In America, honoring our veterans comes second nature to most citizens. That’s because the overwhelming majority of our people understand that, if not for the service and sacrifice of those who have worn the uniform, the United States would not be the extraordinary place it is today.
Unfortunately, this concept seems lost on the people at drugmaker Gilead Sciences.
The company is the maker of the hepatitis drug sofosbuvir, which can potentially cure hepatitis C, a chronic liver disease that affects about 3.2 million Americans, including nearly 200,000 veterans. The fact that Gilead is making this landmark medication available to consumers is an overwhelmingly positive development that deserves recognition.
But the way in which the company is picking and choosing who gets affordable access to the drug deserves condemnation.
Sofosbuvir doesn’t come cheap — that is, unless you live in countries such as Egypt, where Gilead is making the drug available for around $900 for the full 12-week regimen.
Meanwhile, here in the United States, the company is charging the Department of Veterans Affairs upward of $40,000 for the same treatment, which reportedly costs about $1,400 to manufacture. The department — and Congress — have been scrambling to cover the costs of the drug.
In fact, during the current and prior fiscal years alone, Congress has authorized an additional $2.7 billion for the VA to help prevent the department from having to ration veterans’ access to the drug.
The extraordinary prices Gilead is charging U.S. customers for sofosbuvir are making the company rich, bringing in more than $10 billion in the drug’s first year on the market.

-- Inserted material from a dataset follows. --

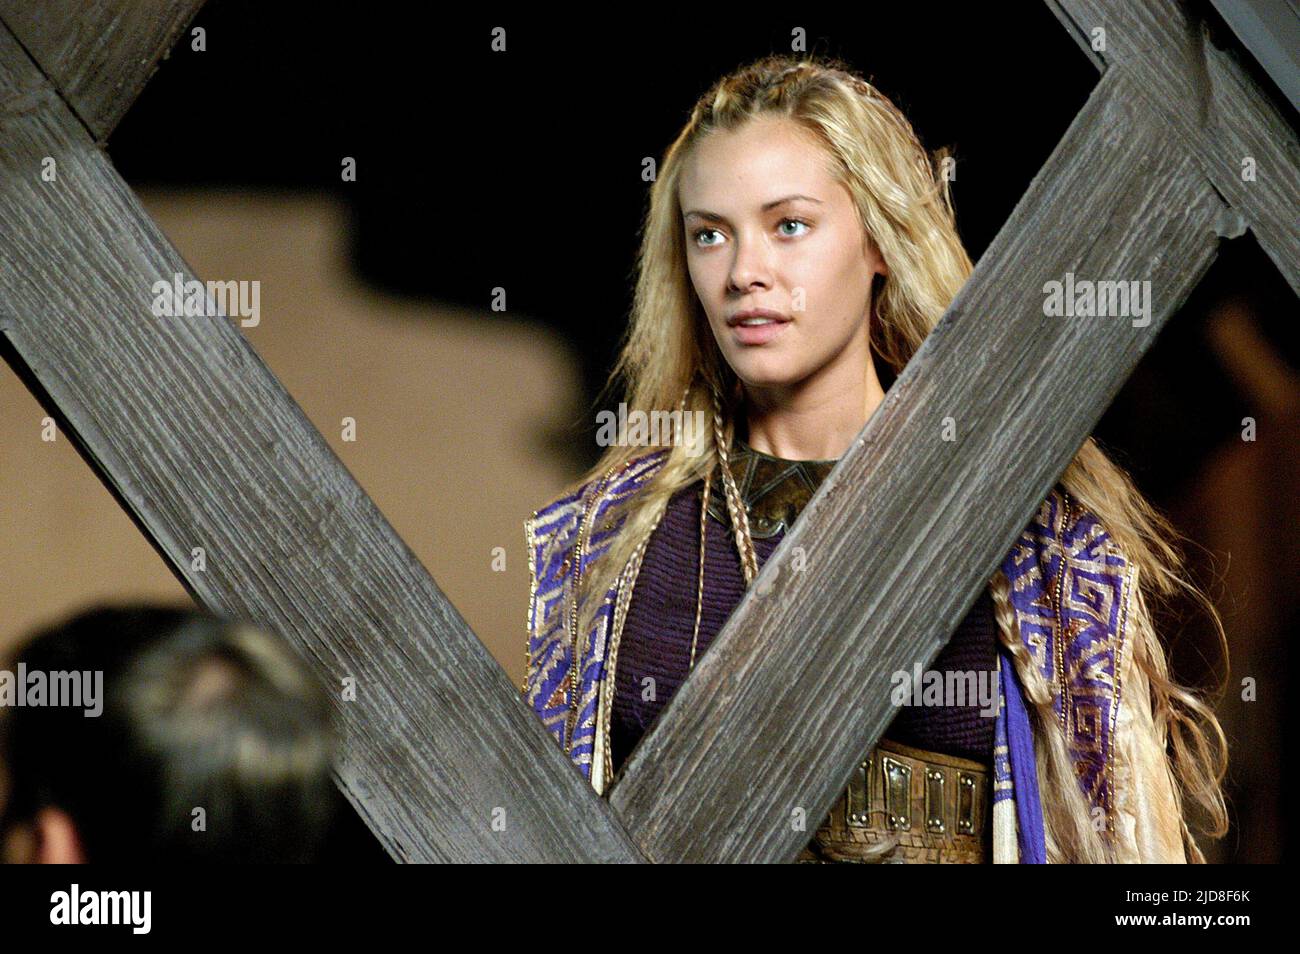 KRISTANNA LOKEN, RING OF THE NIBELUNGS, 2004, Stock Photo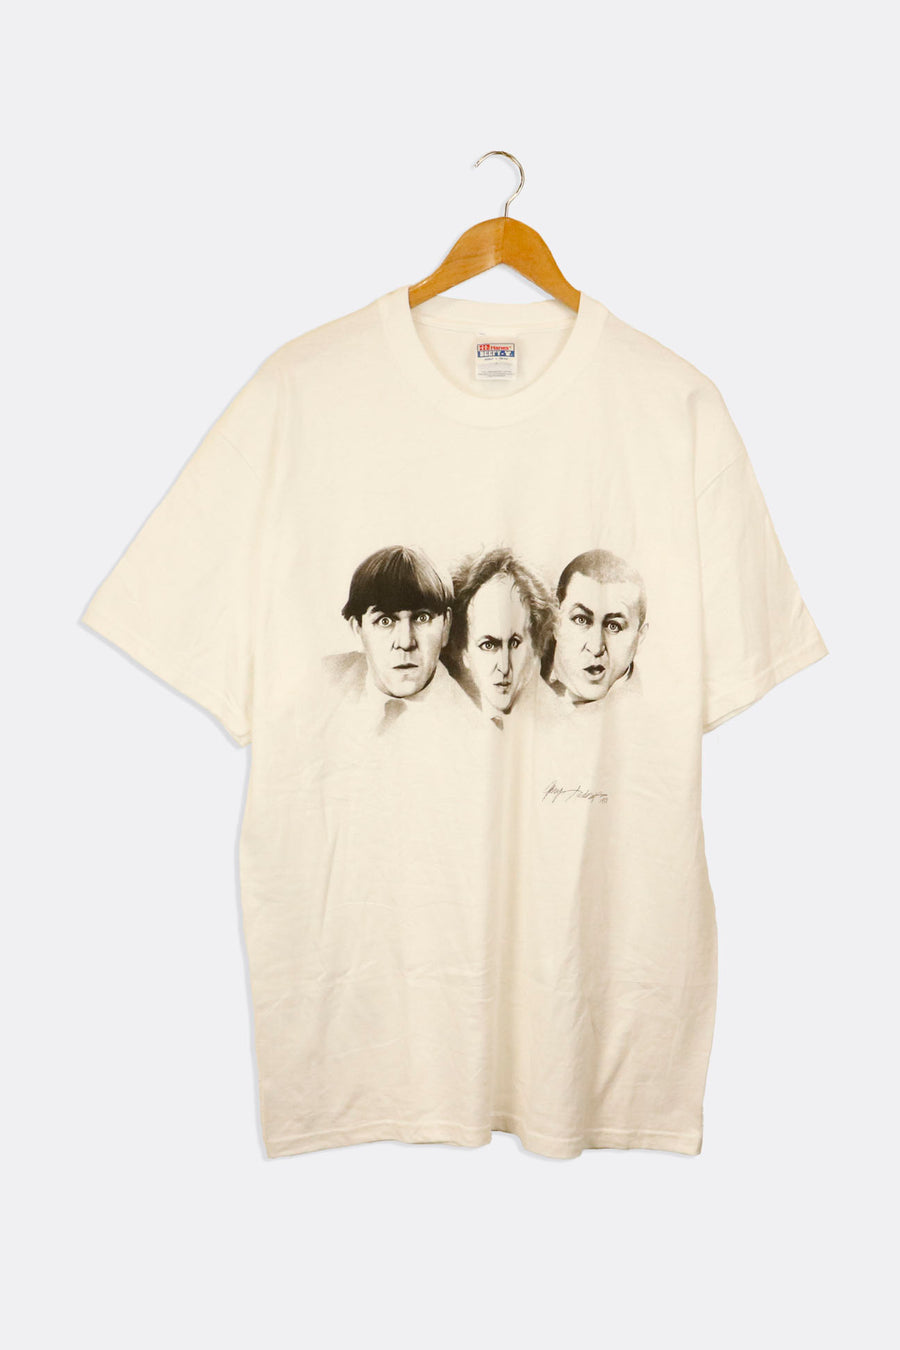 Vintage 1988 Three Stooges Surprised Faces Graphic T Shirt Sz L

But Gilead’s tone-deaf pricing strategy also fails to take into account the fact that without the Department of Veterans Affairs, the drug at the center of this debate would not even exist. Sofosbuvir was invented by a team led by a VA doctor, who sold the company that developed the drug to Gilead in 2012.
In other words, Gilead is making billions by charging American taxpayers exorbitant prices for medicine a VA doctor helped invent. And to add insult to injury, Gilead is practically giving the drug away in Egypt and some 90 other developing nations.
Gilead, in a twisted attempt to defend this exploitation of our veteran community, will likely point to the fact that it is already providing sofosbuvir to the VA at a discount. While it’s true that the company is selling the VA its sofosbuvir products at discounted prices that range from $41,280 to $68,267, this paltry price reduction pales in comparison to the deal Gilead is giving hepatitis sufferers in other countries.
The government shouldn’t be in the business of telling private companies what to charge their customers. But by the same token, companies such as Gilead shouldn’t price-gouge one group of consumers to subsidize its preferential treatment of another.
Gilead’s price discrimination against American veterans and the organization established to care for them is a slap in the face to the millions who depend on VA health care as well as the taxpayers who generously fund the department.
If there is any group of citizens anywhere in the world who deserve affordable access to life-saving medications such as sofosbuvir, it’s America’s veterans. It’s unfortunate that Gilead’s leaders are apparently too busy kowtowing to foreign countries to realize this.
At any rate, when Gilead states on its website that its goal is to ensure its “medicines are accessible to all people who need them, regardless of where they live or their economic means,” one thing is certain: The company wasn’t referring to American veterans. Perhaps it’s time for Gilead’s leaders to explain why.